** AIM OF THE TASK **
Every line below should be copied exactly; drop the pictures.

** SOURCE MATERIAL **
▼
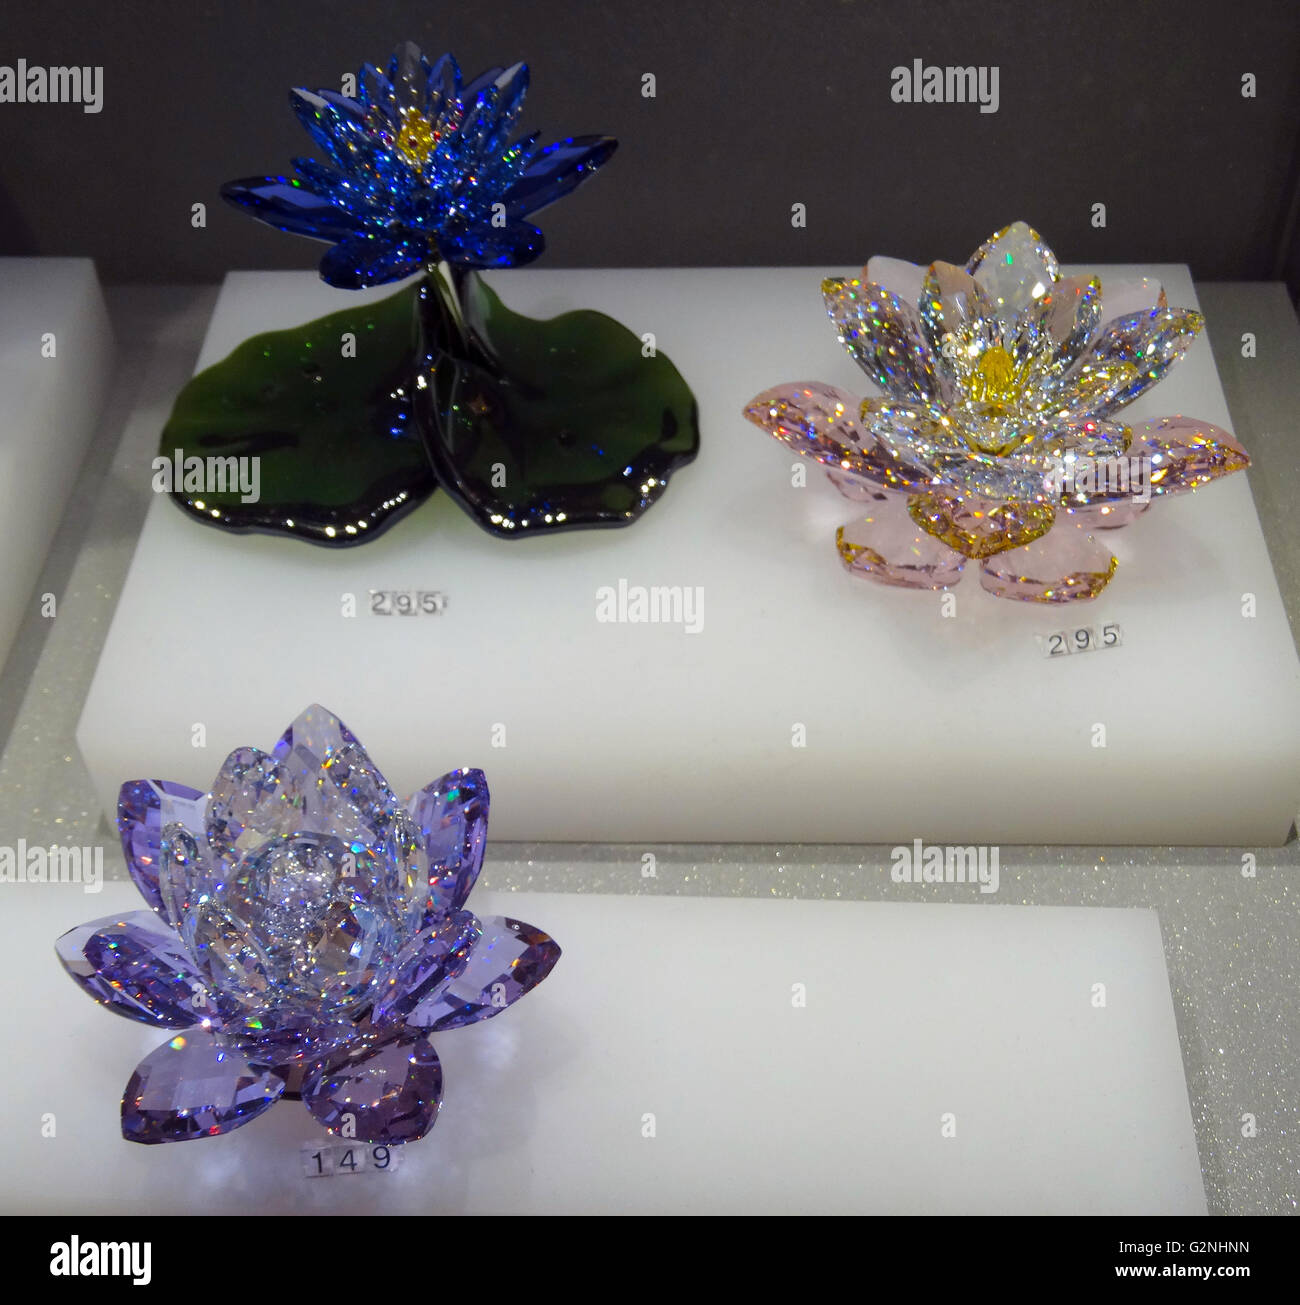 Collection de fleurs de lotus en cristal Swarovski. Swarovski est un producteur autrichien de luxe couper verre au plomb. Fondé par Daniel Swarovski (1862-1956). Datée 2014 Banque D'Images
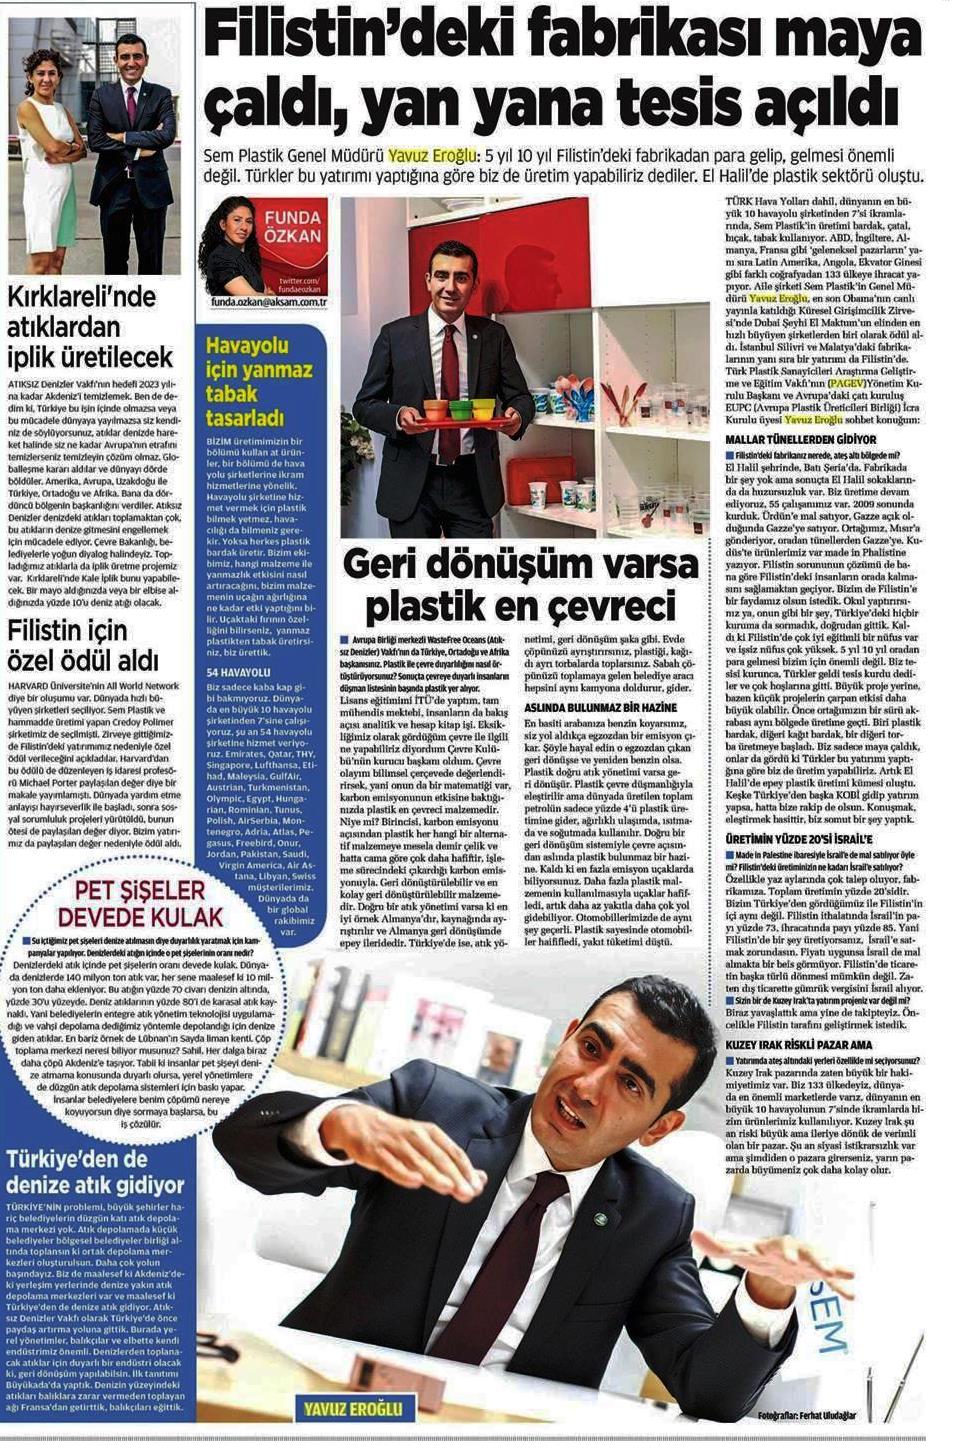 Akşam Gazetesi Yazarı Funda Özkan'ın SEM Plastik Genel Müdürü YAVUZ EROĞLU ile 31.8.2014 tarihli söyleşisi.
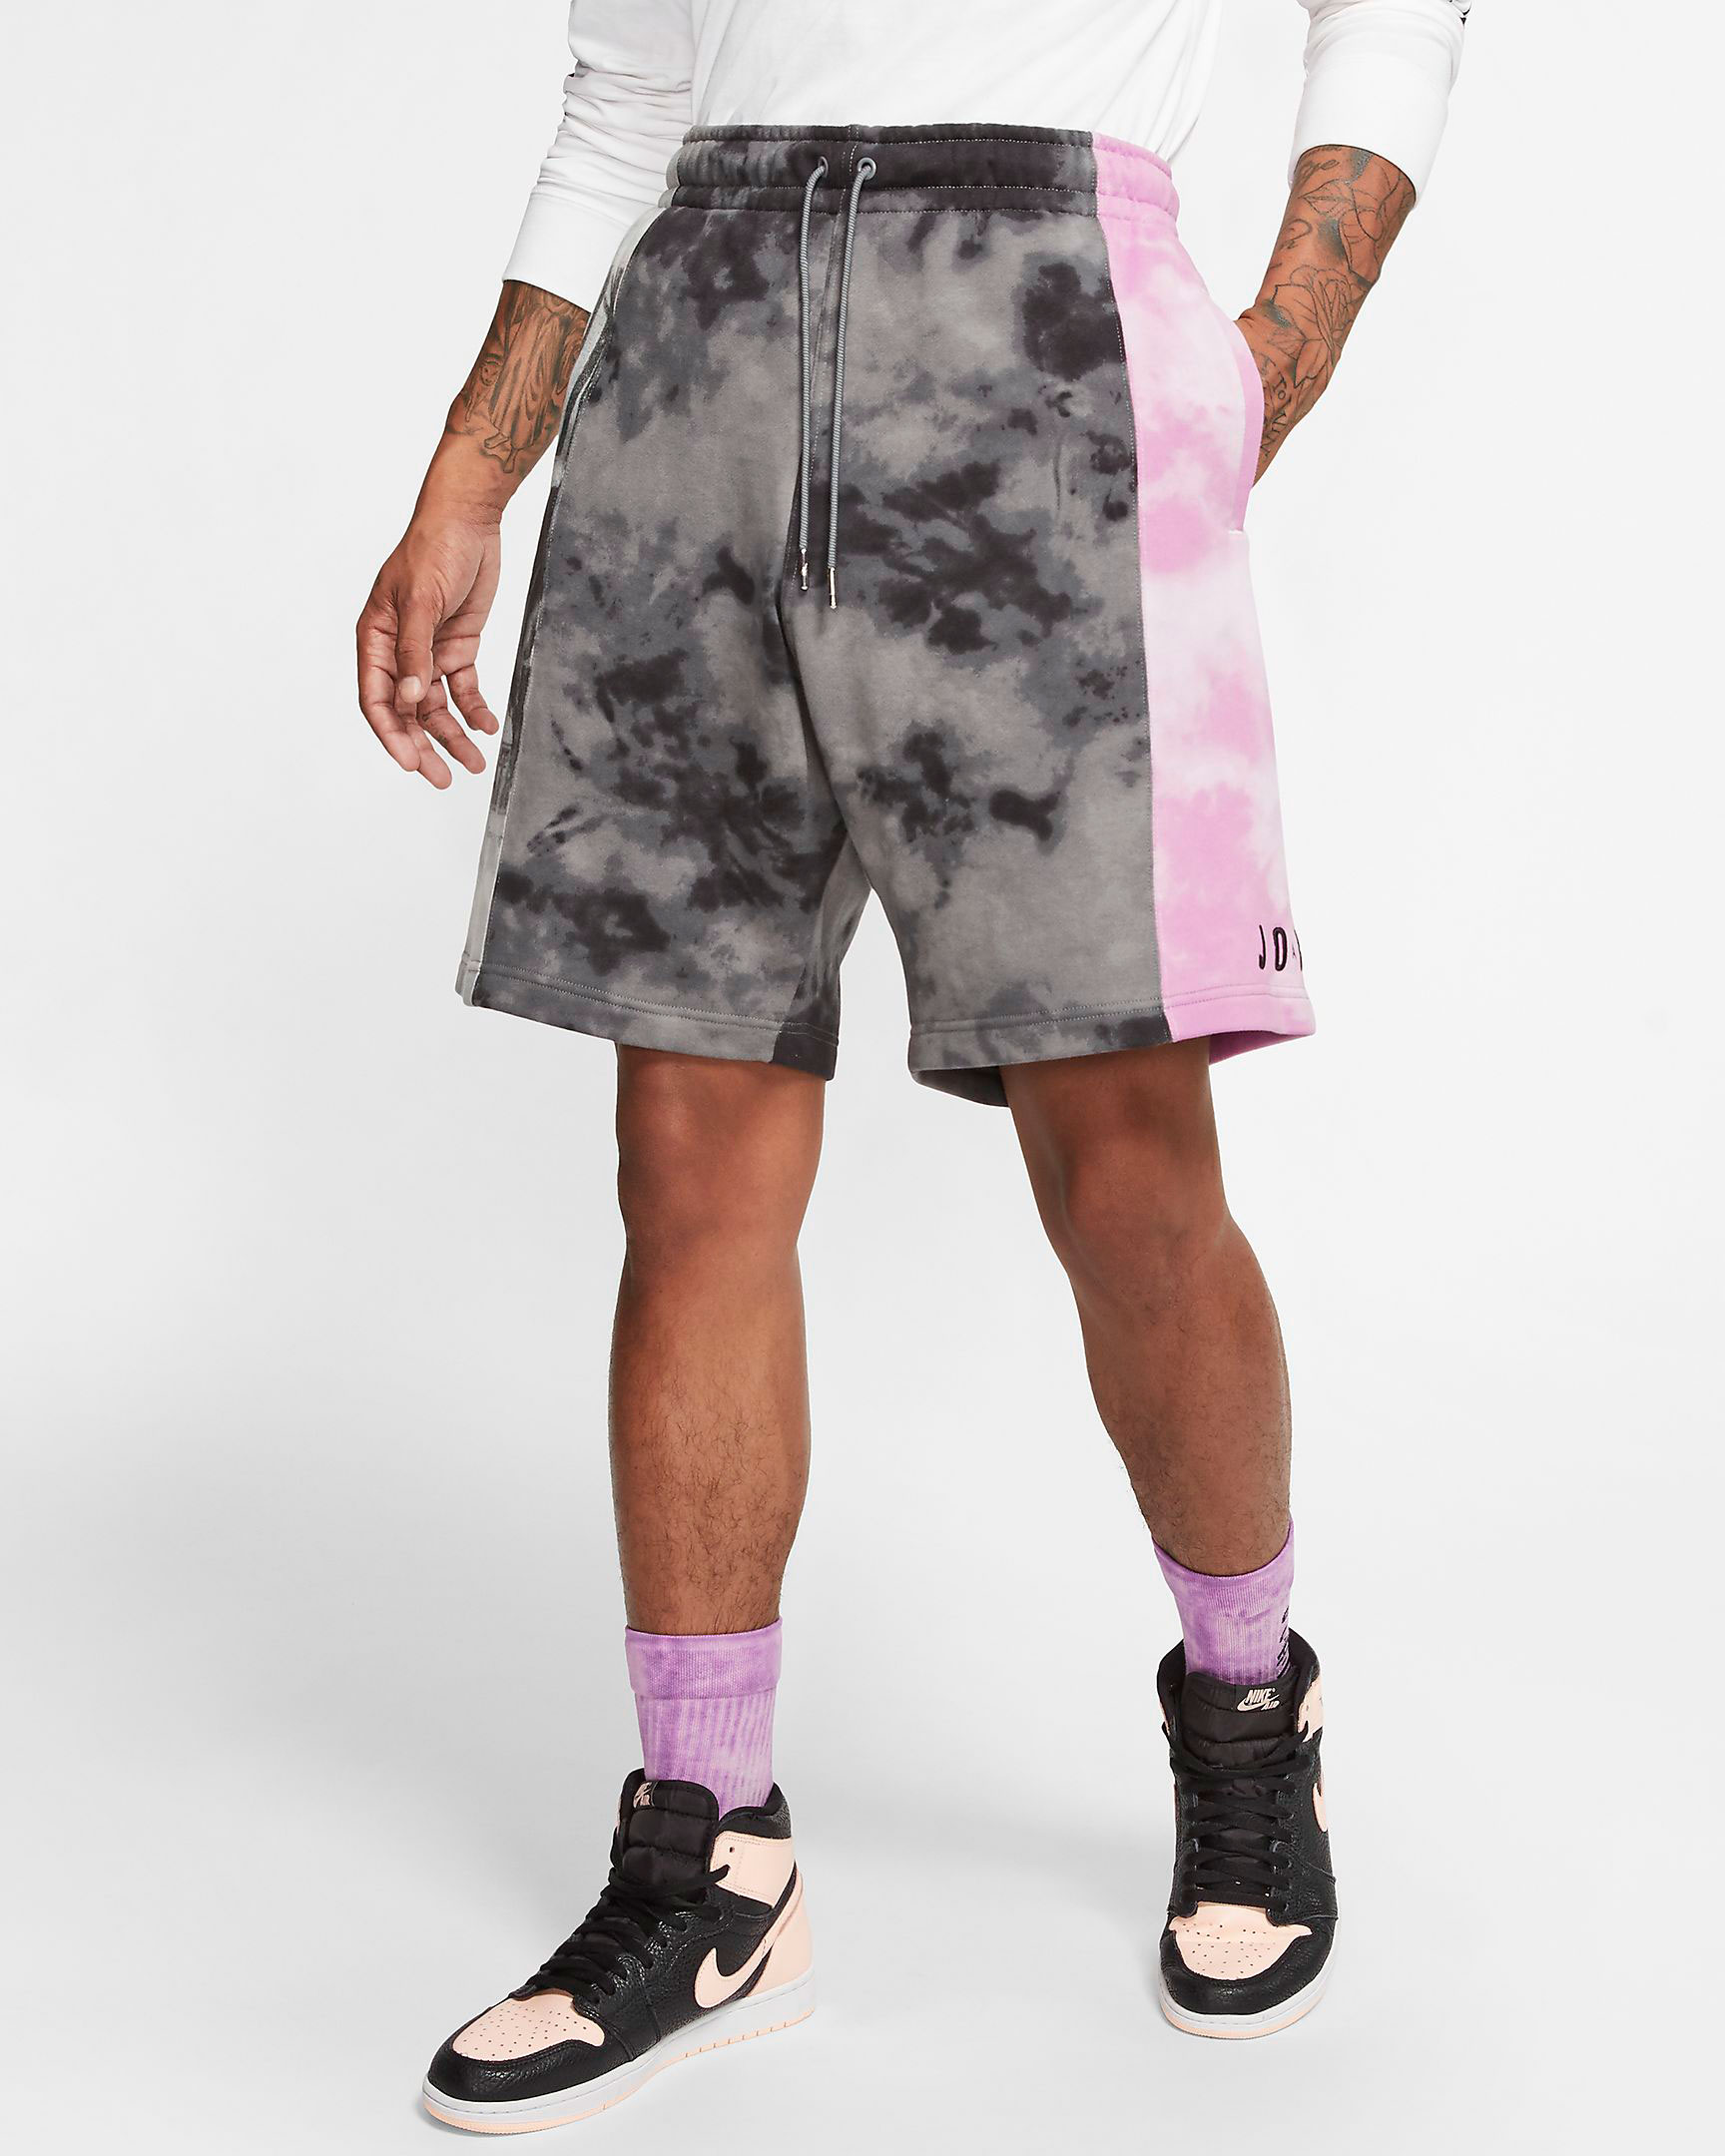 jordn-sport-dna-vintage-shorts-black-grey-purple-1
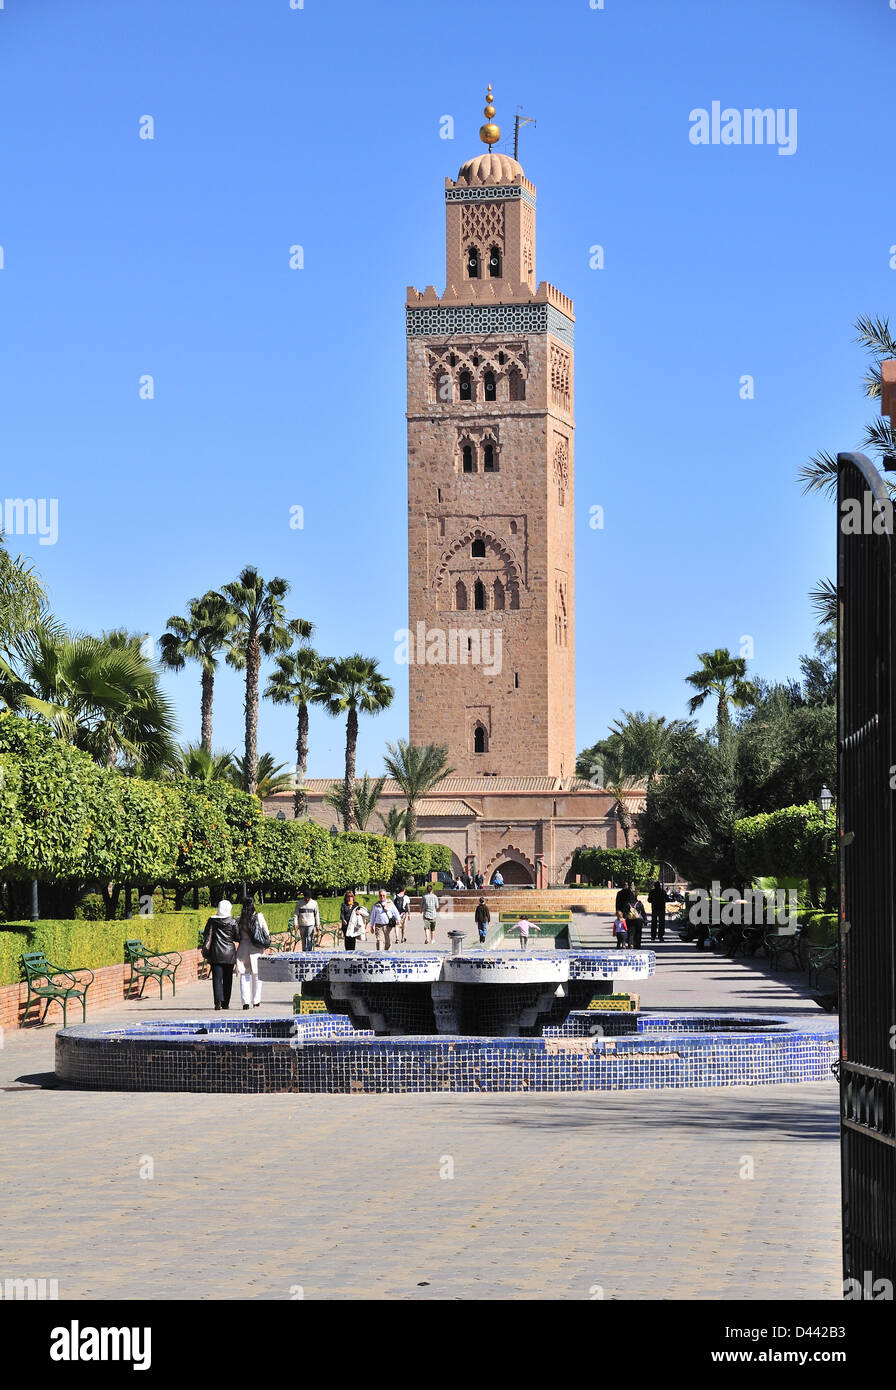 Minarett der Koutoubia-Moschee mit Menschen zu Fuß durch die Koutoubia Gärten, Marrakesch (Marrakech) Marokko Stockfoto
▲
** WORKED SOLUTION **
 Collection de fleurs de lotus en cristal Swarovski. Swarovski est un producteur autrichien de luxe couper verre au plomb. Fondé par Daniel Swarovski (1862-1956). Datée 2014 Banque D'Images
 Akşam Gazetesi Yazarı Funda Özkan'ın SEM Plastik Genel Müdürü YAVUZ EROĞLU ile 31.8.2014 tarihli söyleşisi.
 jordn-sport-dna-vintage-shorts-black-grey-purple-1
 Minarett der Koutoubia-Moschee mit Menschen zu Fuß durch die Koutoubia Gärten, Marrakesch (Marrakech) Marokko Stockfoto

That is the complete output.